Another oddity is that the driver stage - a diff pair of 7W7 pentodes - share a common screen grid dropping resistor, and a very small (0.001uF) bypass capacitor. Again, experimentally, this worked considerably better than the usual choices, including a VR tube to regulate the screen supply, and separate screen dropping resistors, and using large bypass capacitor(s). Interestingly, using a big bypass cap increased THD significantly across the board. Adding a small cap lowered THD at high frequencies (above ~10kHz) without increasing distortion at low frequency.
The input stage uses a triode-connected 7W7 in a near-unity-gain plate follower configuration. I did this to remove any dependencies on the driving source impedance - the frequency response and THD at high frequency is very dependent on how you drive the phase splitter transformer. With the buffer, the input is high impedance (100k) and resistive, so the source impedance doesn't affect the amp performance.
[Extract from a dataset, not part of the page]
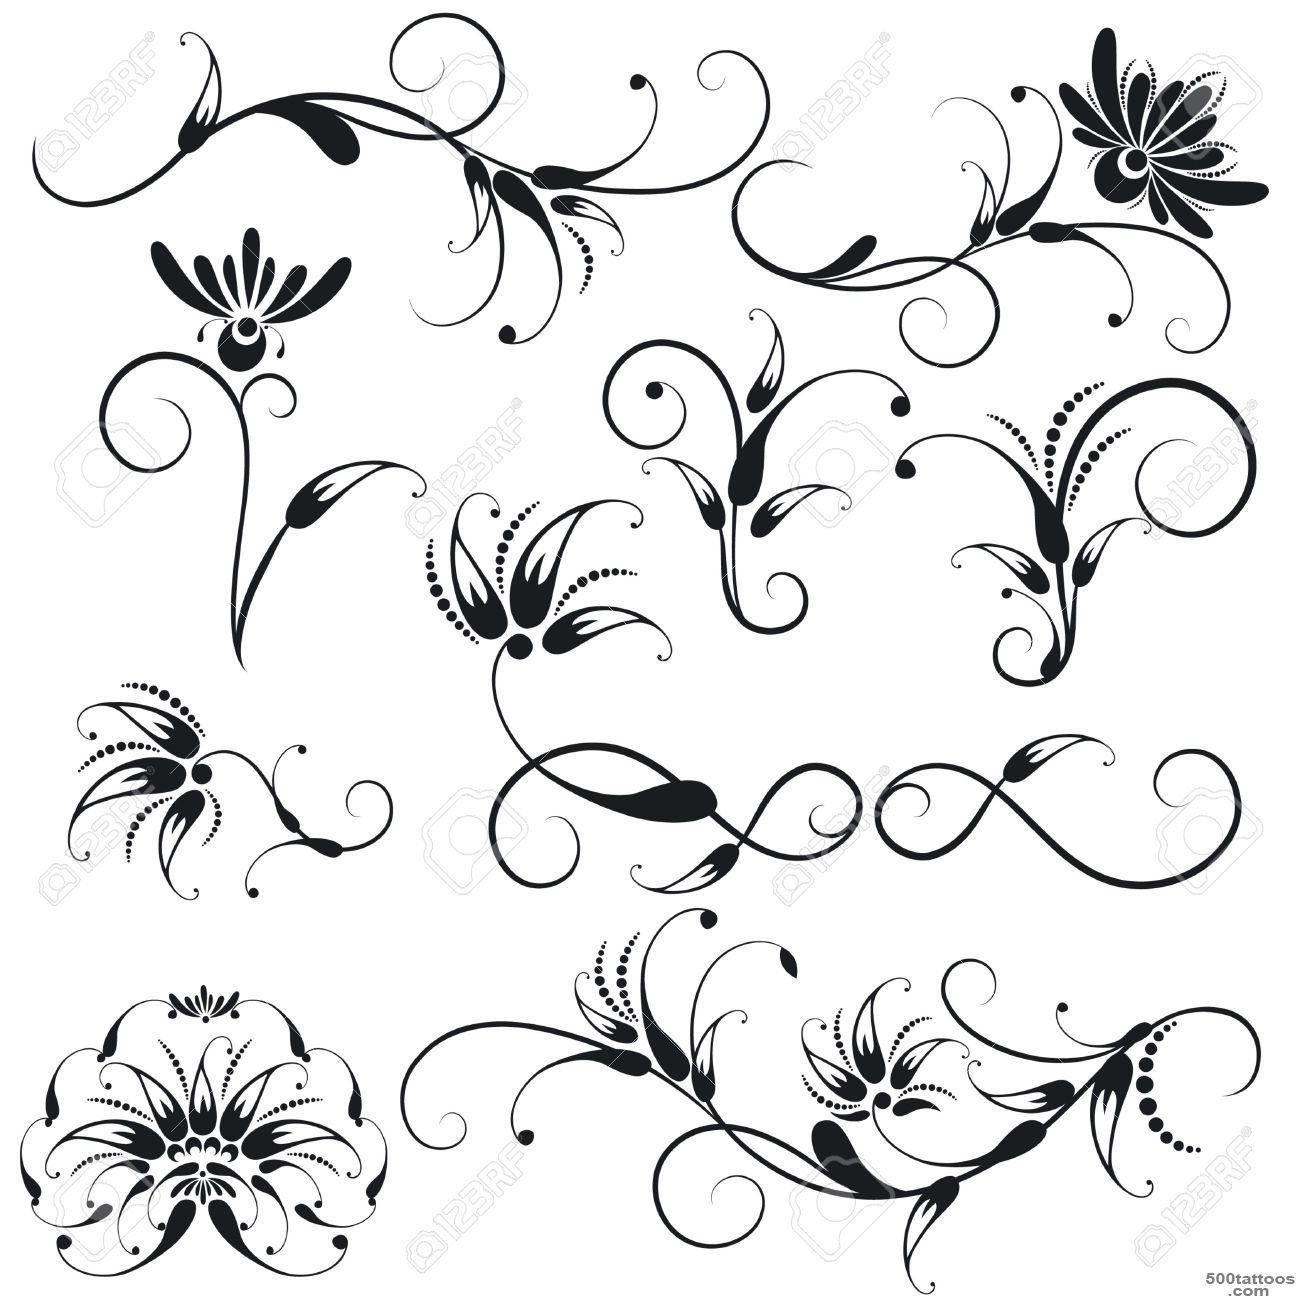 Decorative Floral Design Elements Royalty Free Cliparts, Vectors ..._33

Almost any triode will work - a 6SN7 / 6J5 / 7N7 / 7A4 works fine, but the higher Gm of the 7W7 makes for incredibly flat frequency response.
Here is the power supply, which is entirely conventional:
You can drive the 307A filaments with AC - with a hum balance pot you can probably get it quiet enough. But even with this I measured lots of hum intermodulation, so I opted to go with DC filaments.
The performance of this amp is pretty impressive. Check out the frequency response (@ 1 watt out)...
...the THD+N vs. Frequency at 1W out...
...and the THD+N vs. output power (@1kHz):
An FFT @ 1 watt shows a mix of distortion products Note there are still 60Hz products (albeit 70dB down). Not sure where this is coming from - DC on the7W7 heaters made no difference. This was powered from a regulated bench supply so I don't think it is B+ ripple. Maybe just a measurement artifact...
I haven't listened to this amp yet (I'm an engineer, damn it!). I do plan on building a proper stereo amp with this design, so listening will wait until then. More details to come then.